Exact copies of all the lines below are needed, without the pictures.

* _Dataset section_
○ ○ ○ ○ ○

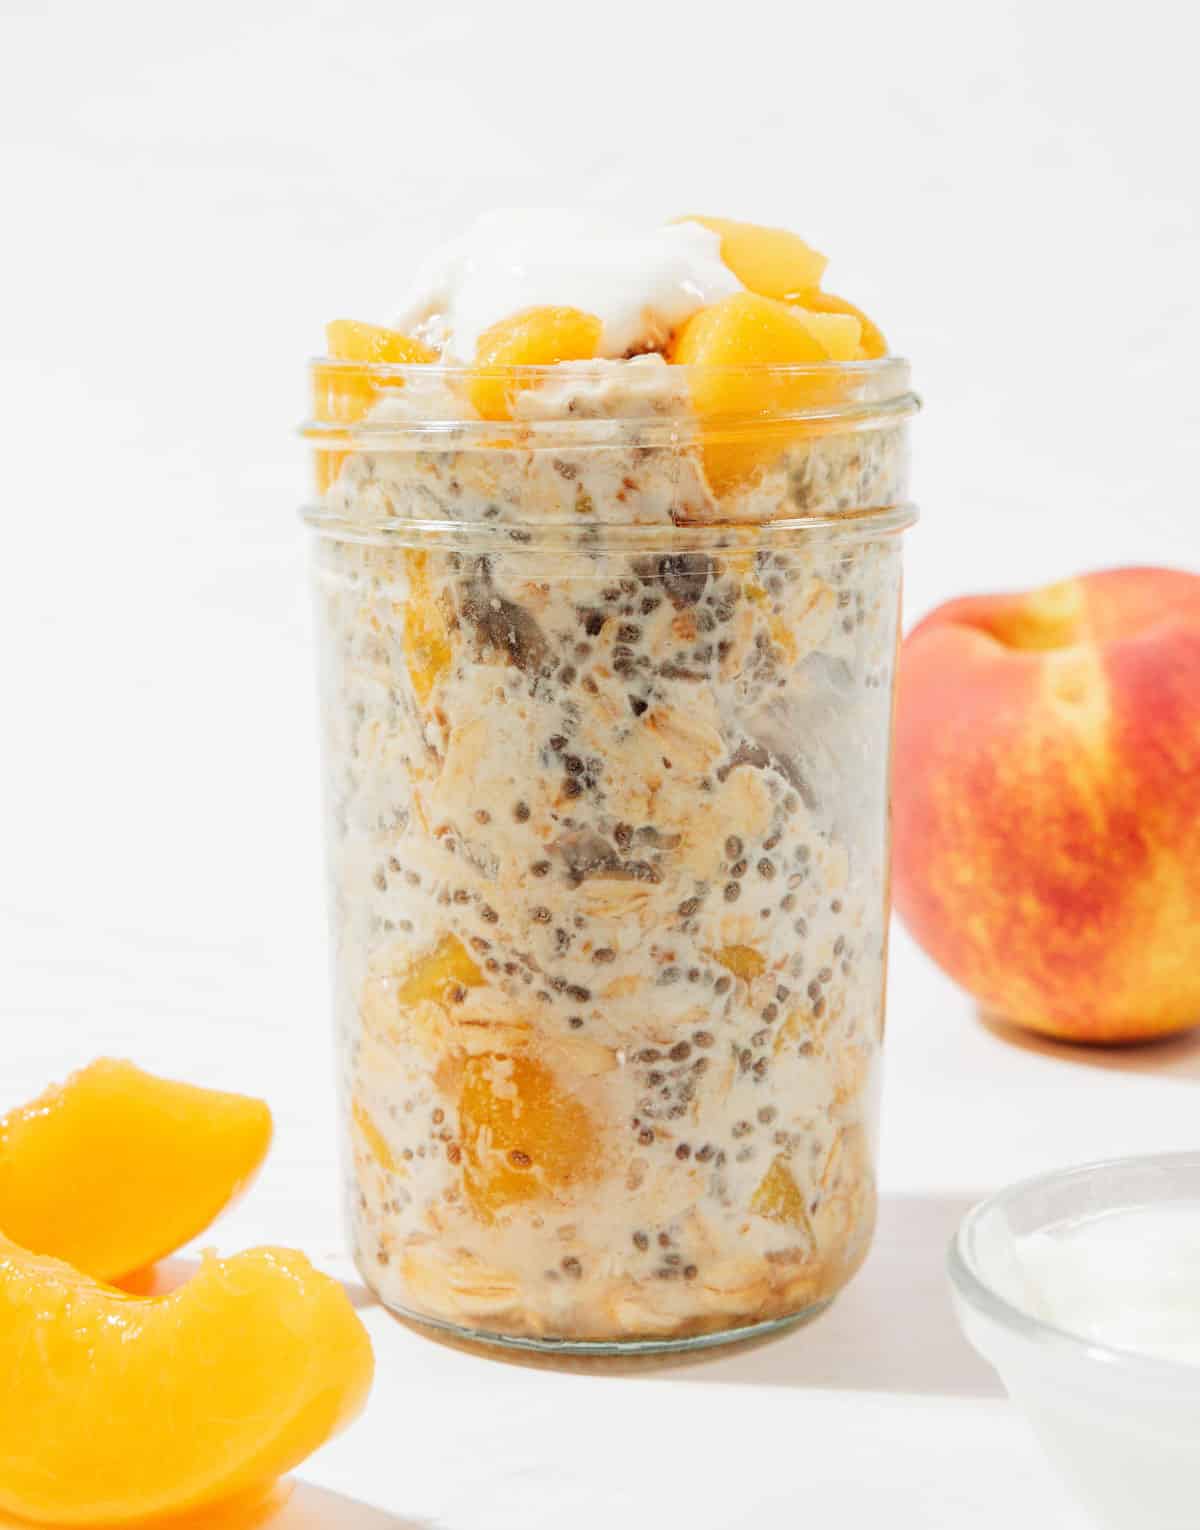 Peach overnight oats in a jar.
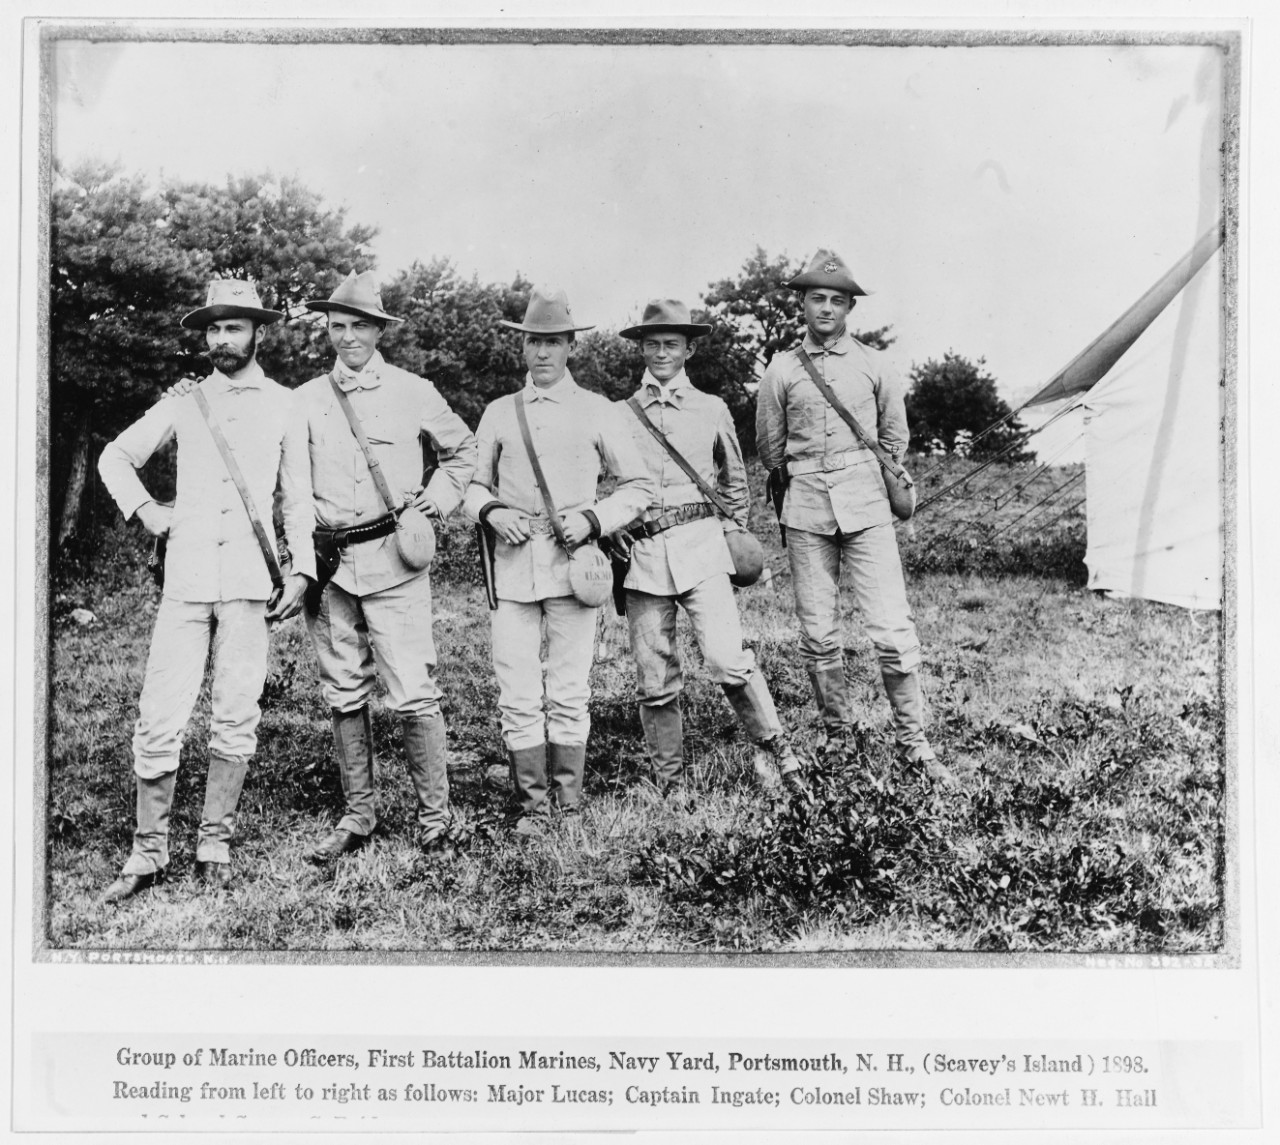 Marine Officers, First Battalion, U.S. Marine Corps, Navy Yard, Portsmouth, New Hampshire (Scavey's Island) 1898. 
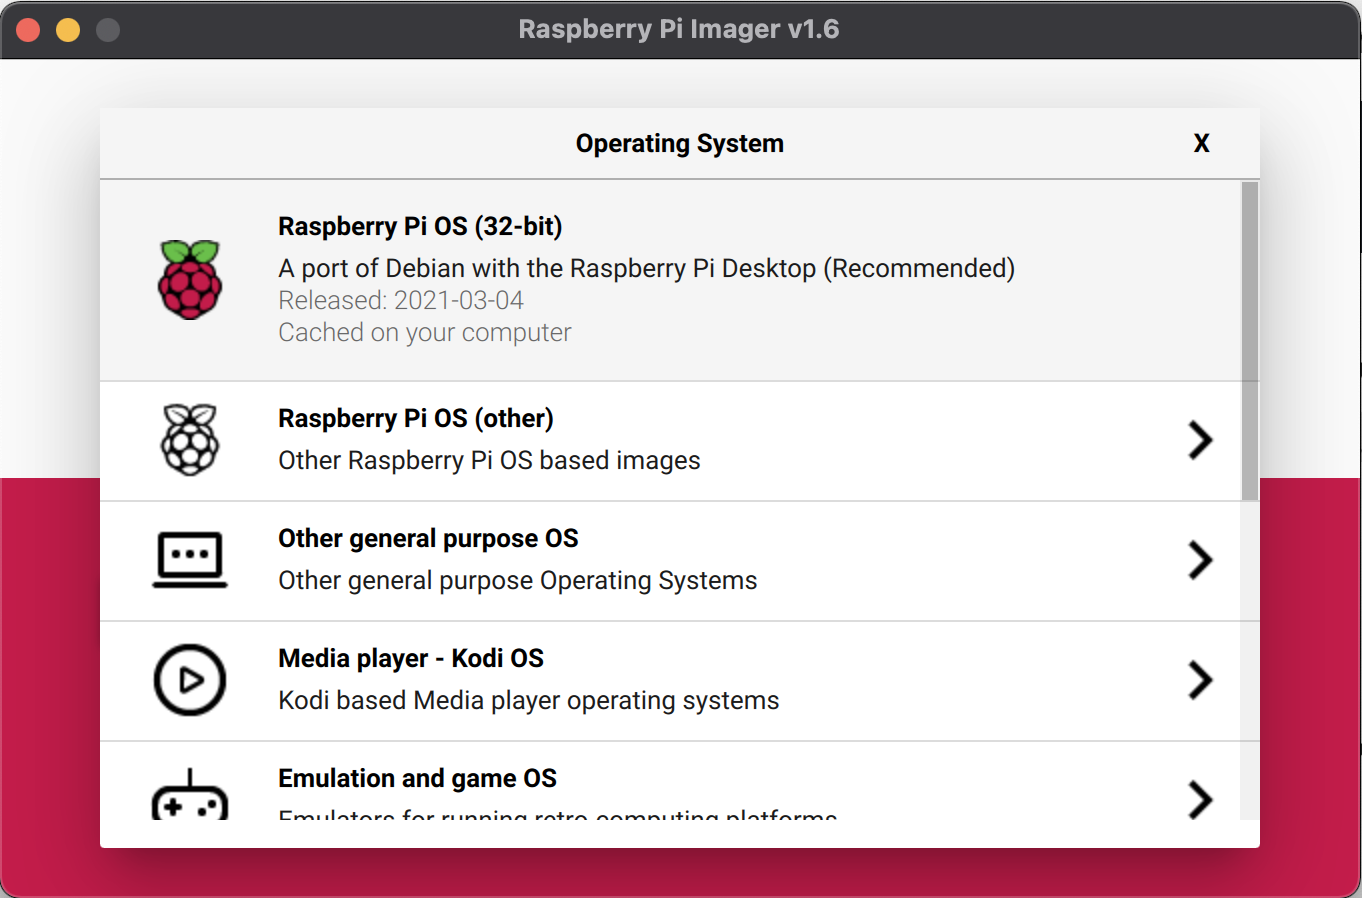 Raspberry Pi Imager tool
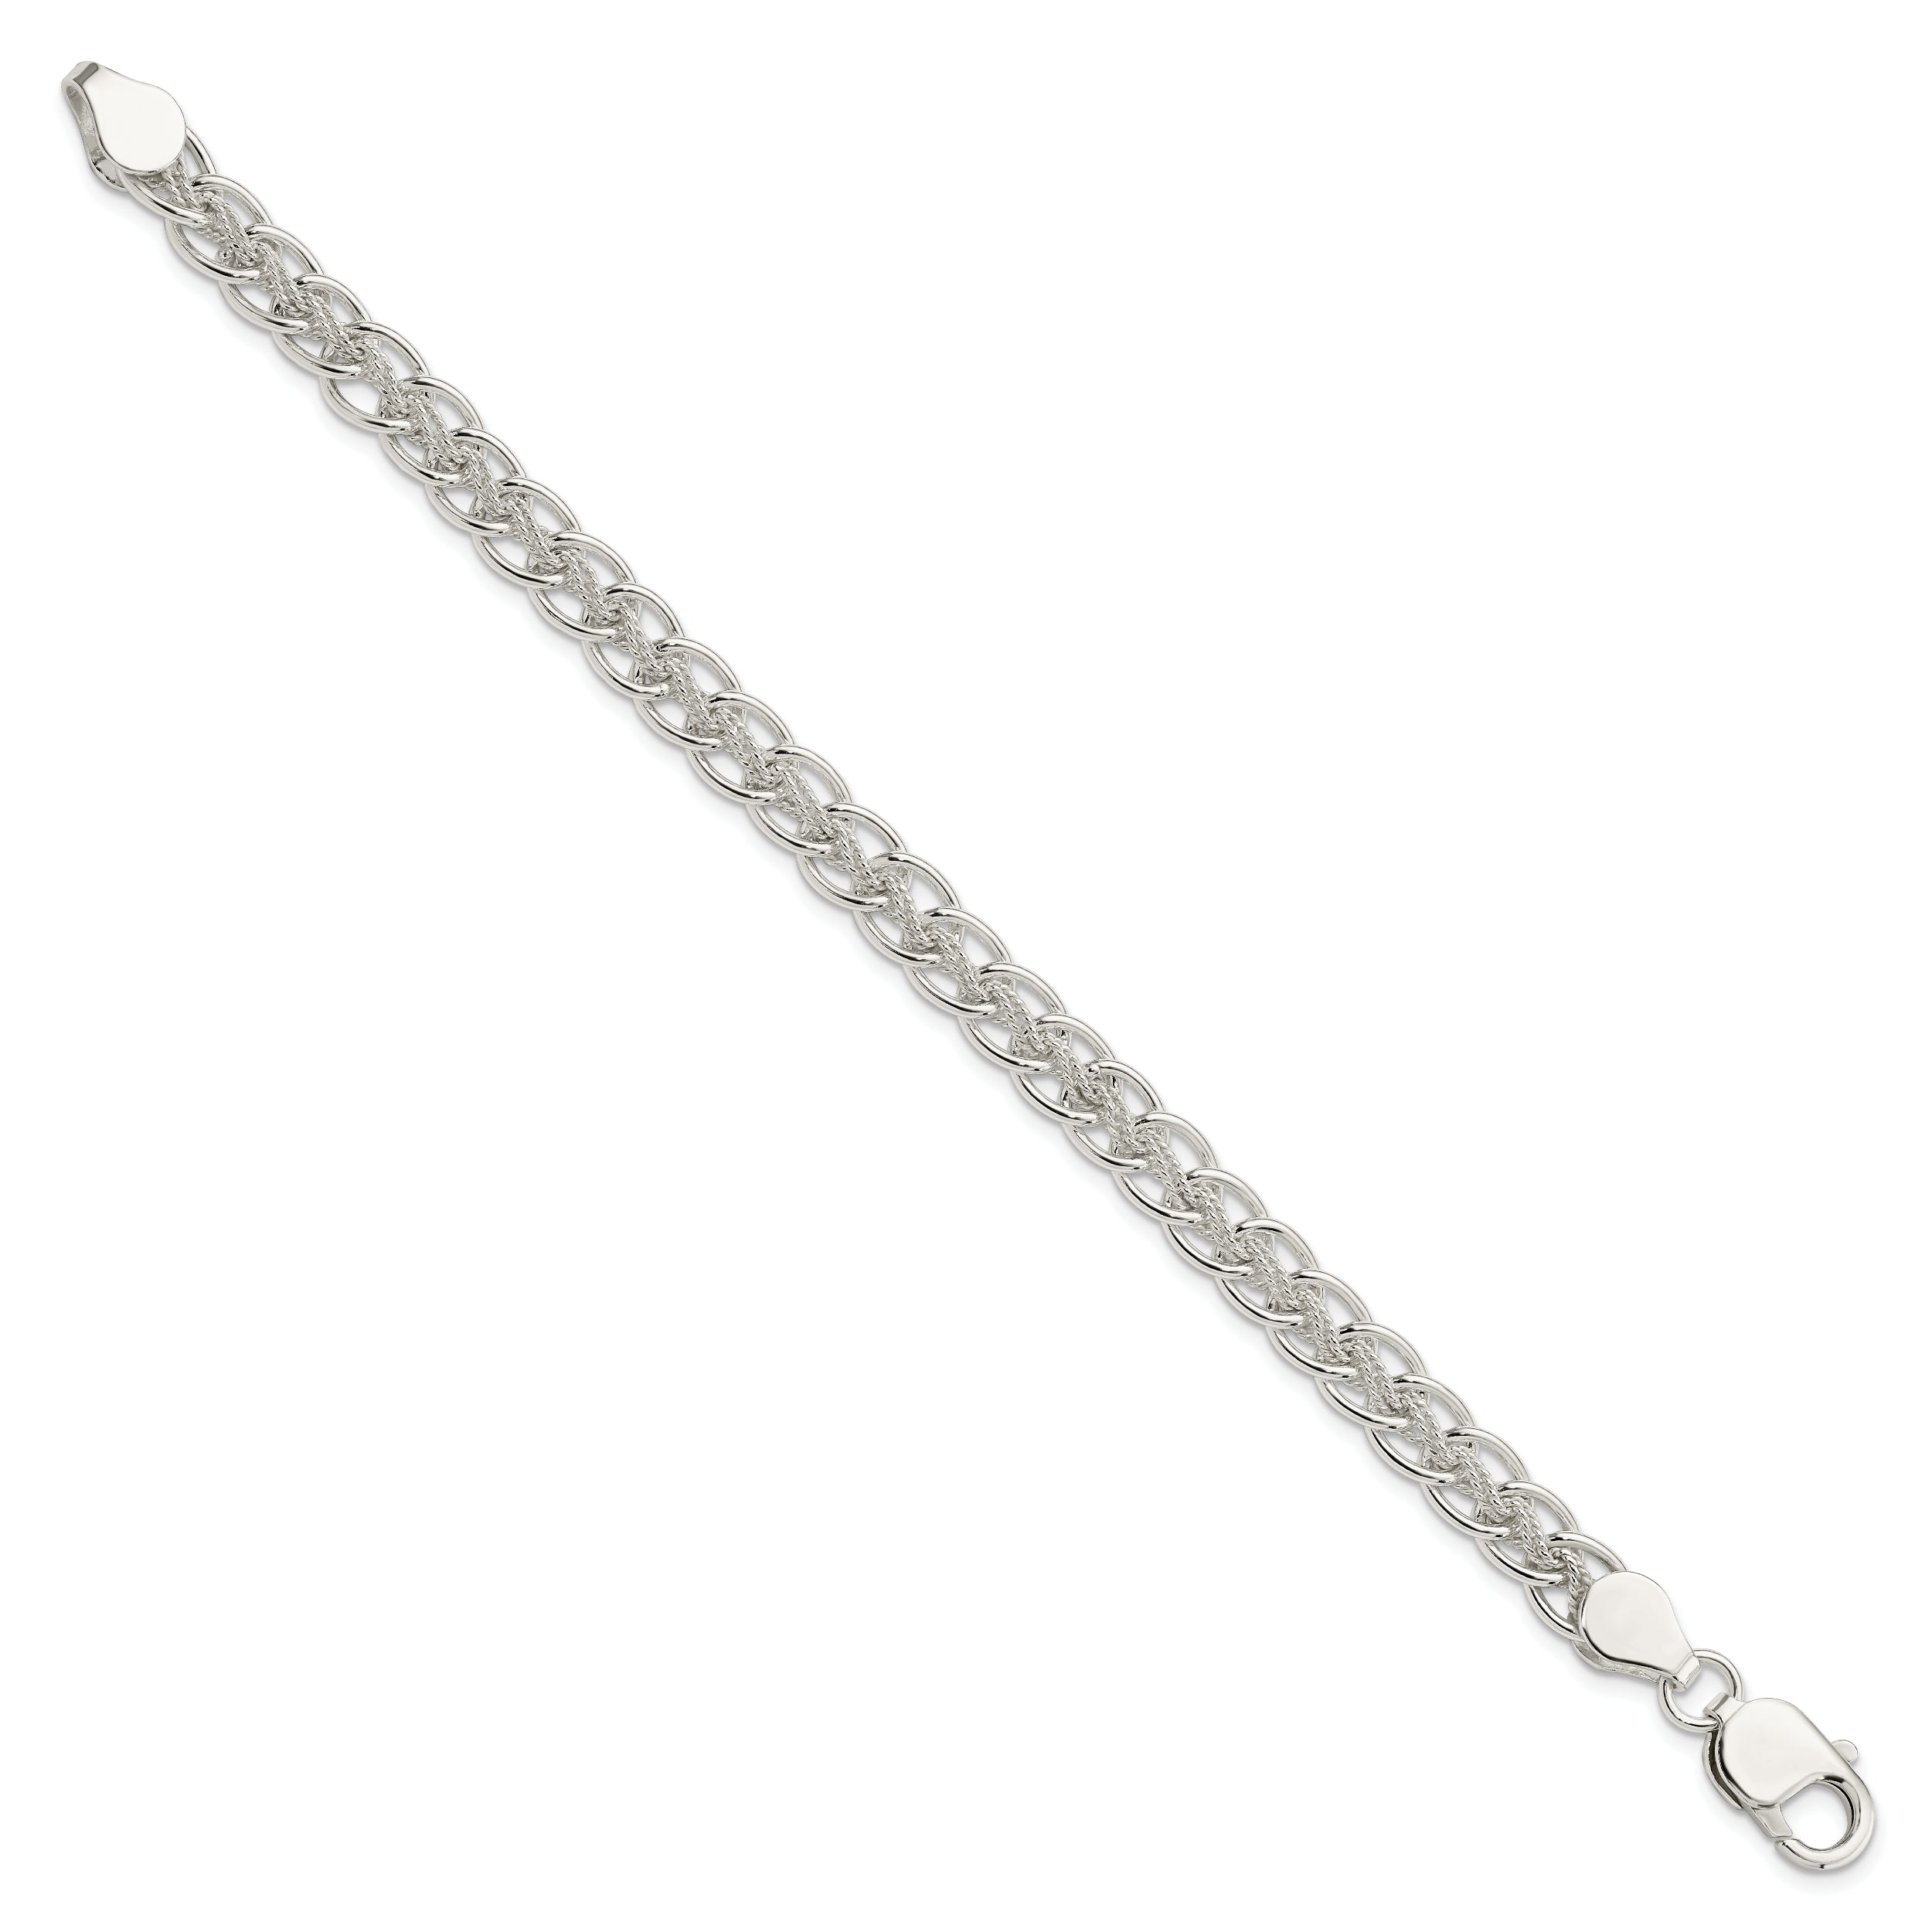 Sterling Silver Polished and Textured Fancy Bracelet

○ ○ ○ ○ ○

* _Reply_
 Peach overnight oats in a jar.
 Marine Officers, First Battalion, U.S. Marine Corps, Navy Yard, Portsmouth, New Hampshire (Scavey's Island) 1898. 
 Raspberry Pi Imager tool
 Sterling Silver Polished and Textured Fancy Bracelet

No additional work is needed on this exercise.